Я потом рассказываю об этом Дженет. Думаю, что она сейчас покачает головой, издаст какой-нибудь сочувствующий звук, «как плохо-то» или «как это ужасно». Но она не сводит взгляд с окна. Только кивает и говорит:
– Потеря информации. Прямо как со мной.
Я смотрю на улицу. Звезд не видно, разумеется. Только приглушенные янтарные отражения на облаках.
– Я даже не могу вспомнить, как меня насиловали, – продолжает Дженет. – Забавно, по идее такое-то событие должно застрять в памяти. И я знаю, что это случилось. Могу вспомнить контекст, что было после, собрать историю воедино, только вот само… событие пропало.
Я вижу только изгиб ее щеки и краешек улыбки. Она уже так давно не улыбалась. Кажется, прошло несколько лет.
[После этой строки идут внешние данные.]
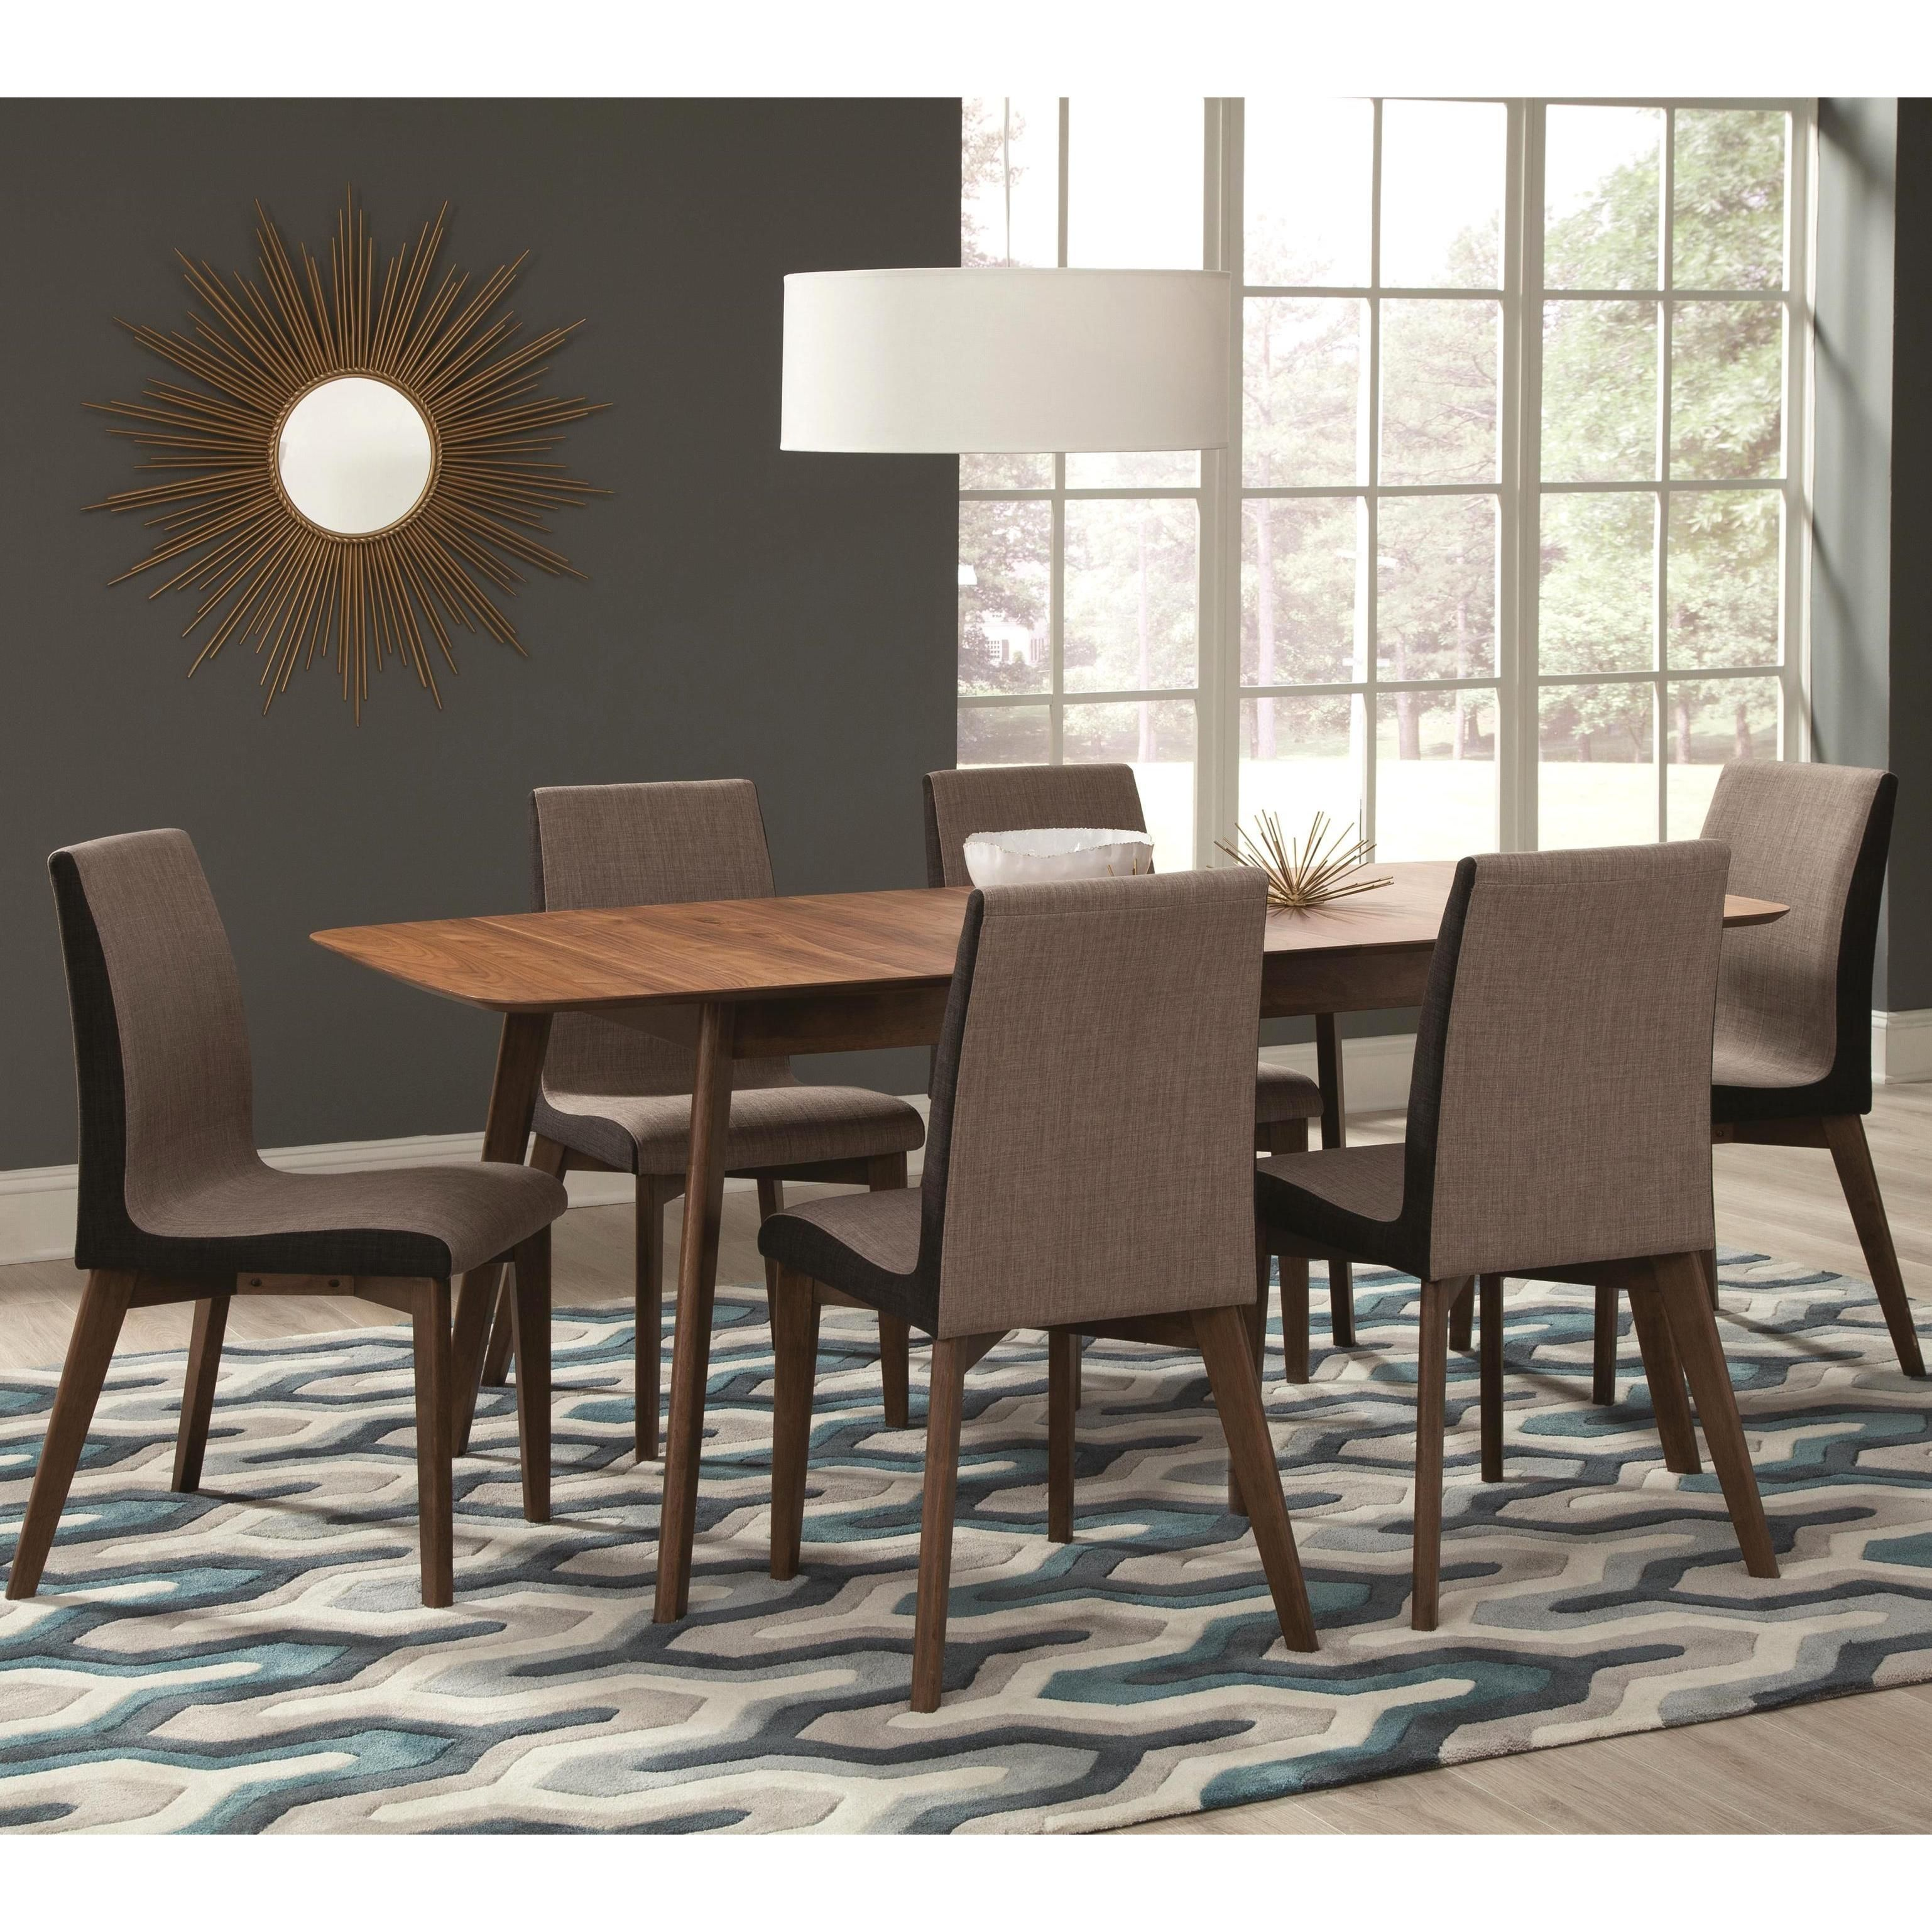 Midcentury Modern Design Nostalgic Dining Set Walnut

– Ты можешь доказать, что Земля вращается вокруг Солнца? – спрашивает она. – Можешь доказать, что все именно так, а не наоборот?
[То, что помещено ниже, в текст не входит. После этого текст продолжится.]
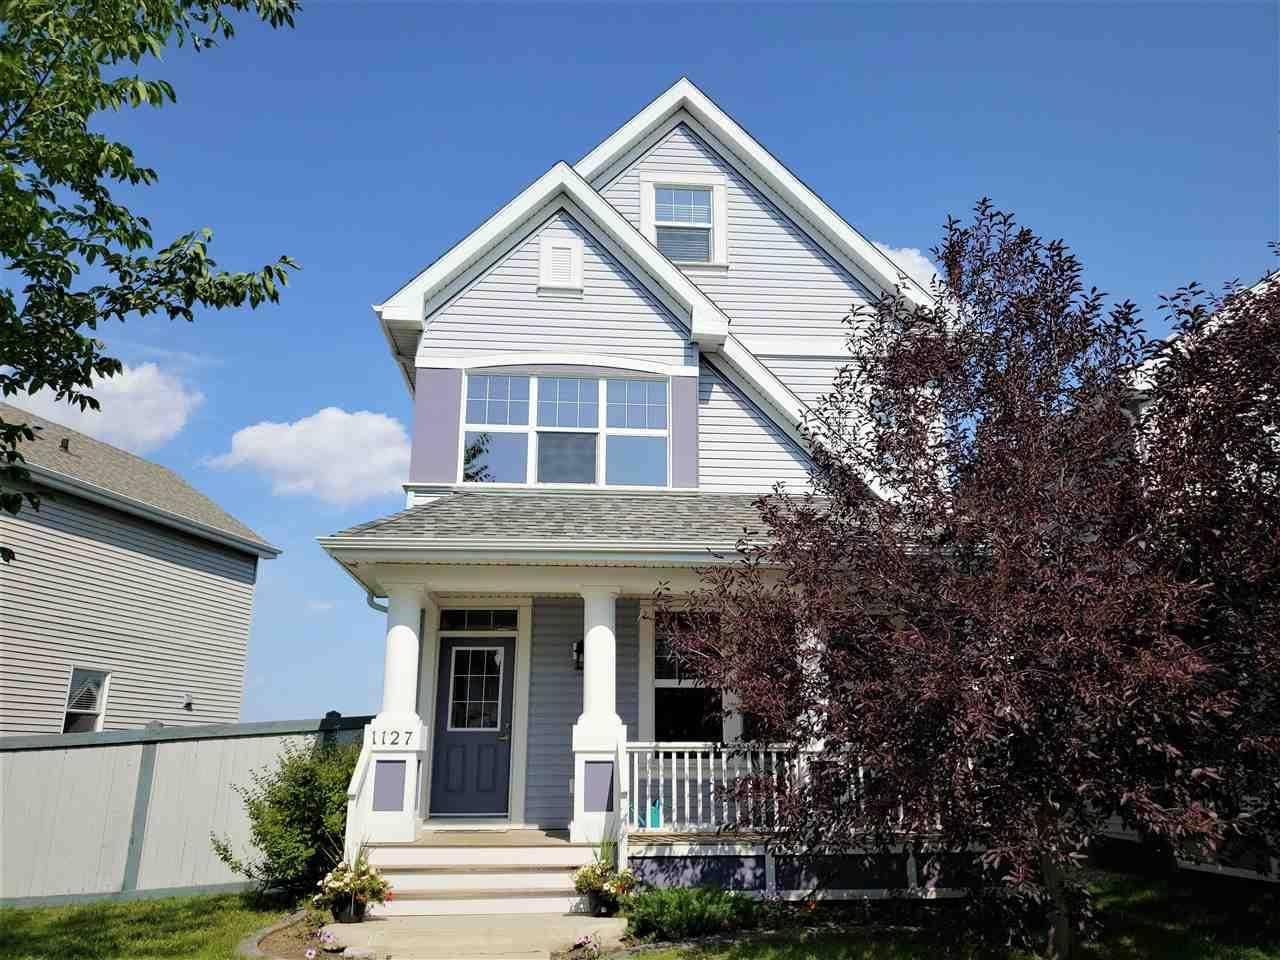 House for sale at 1127 74 St Sw Edmonton Alberta - MLS: E4169069

– Что? – Я захожу слева по осторожной аккуратной траектории. Теперь вижу все лицо, гладкое, уже почти без отметин, похожее на маску.
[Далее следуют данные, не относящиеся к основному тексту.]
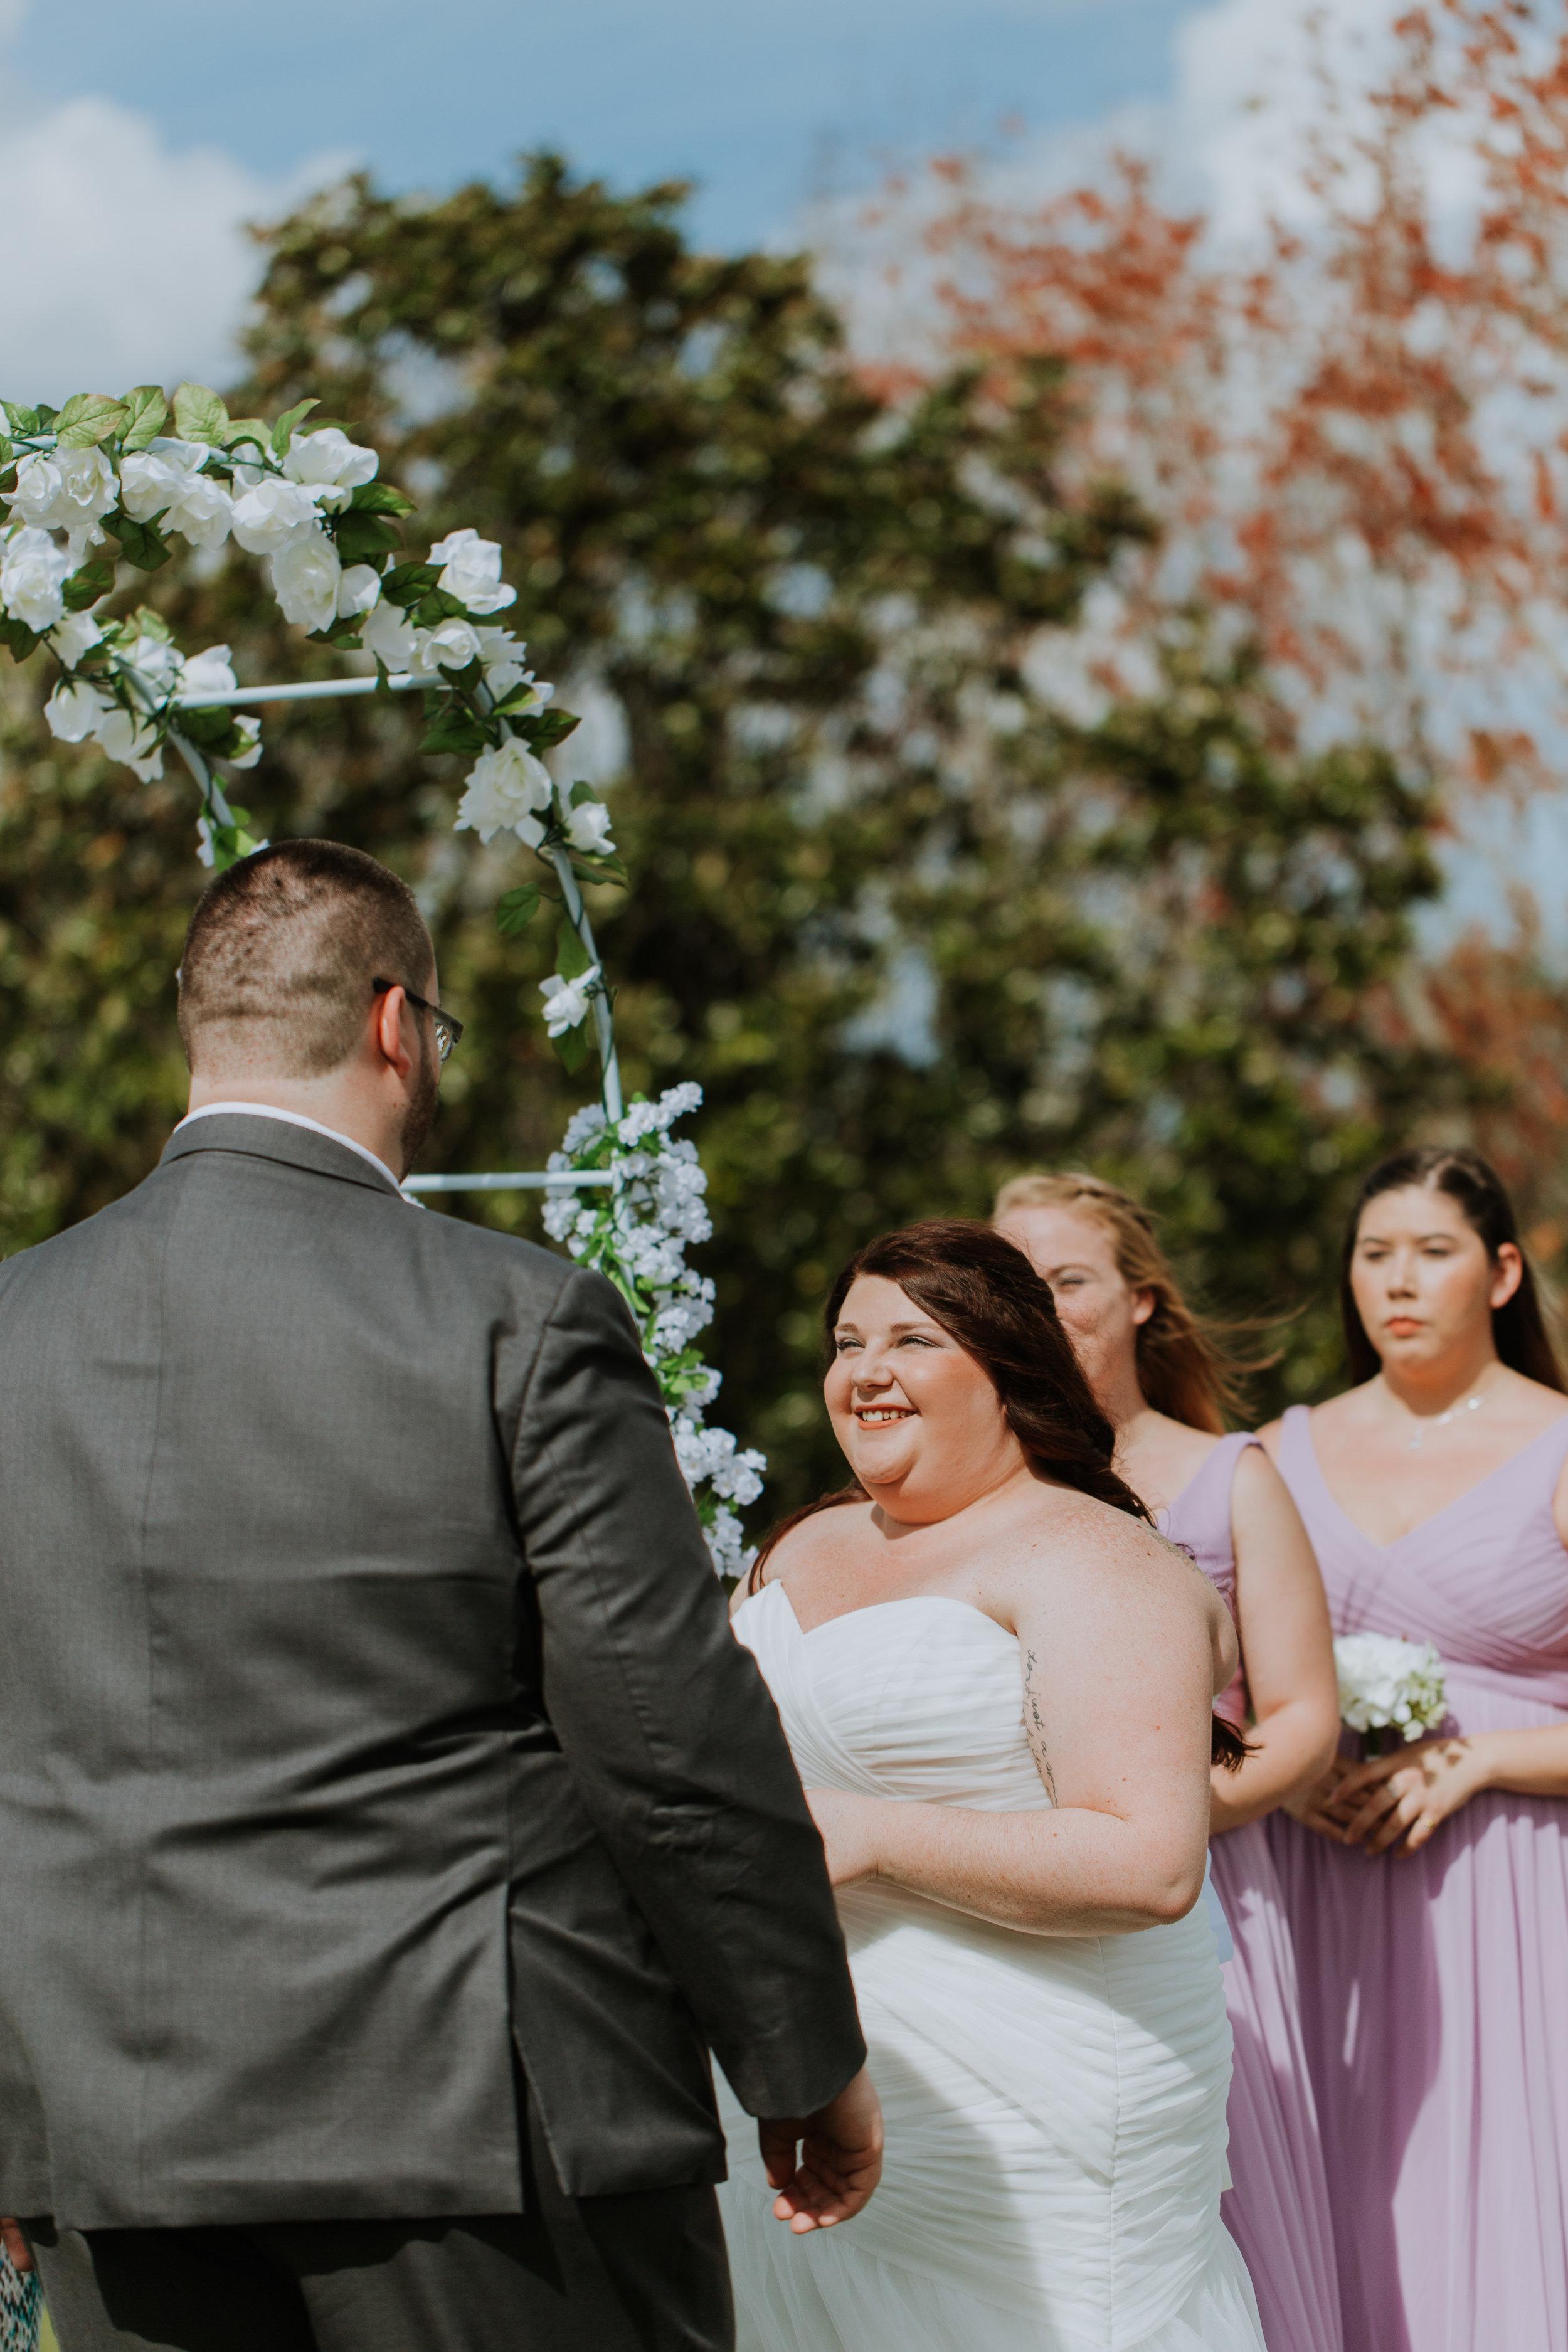 appolloni_new smyrna_wedding-211.jpg

– Ведь не можешь, да? А наверное, когда-то мог. Все стерто. Или утеряно. Мы все так много забыли…
Она спокойна. Я никогда не видел ее настолько спокойной. Это почти пугает.
– Знаешь, я думаю, через какое-то время мы начинаем забывать вещи так же быстро, как учим их, – замечает она. – Думаю, так было всегда.
– И почему ты так говоришь? – Я старательно держу нейтральную интонацию.
– Нельзя сохранить все, просто не хватит места. Как можно воспринять новое, не переписав старое?
– Да ладно тебе, Джен. – Я стараюсь перевести разговор в шутливое русло. – У нас что, в мозгах память заканчивается?
– Почему нет? Мы конечны.
Боже, да она серьезно.
– Не настолько. Мы до сих пор не знаем, что в принципе делает бòльшая часть мозга.
– Может, и ничего. Как и наша ДНК, может, там в основном мусор. Помнишь, когда они нашли…
– Помню.
Я не хочу слышать о том, что там нашли, так как стараюсь забыть об этом уже много лет. Ученые нашли полностью здоровых людей, у которых практически не было мозговой ткани. Они нашли людей, живущих среди нас, с головами, заполненными спинномозговой жидкостью, которые обходились тонким слоем нервных клеток там, где должен был находиться мозг. Эти люди выросли, стали инженерами, учителями, прежде чем выяснили, что вообще-то должны были стать овощами.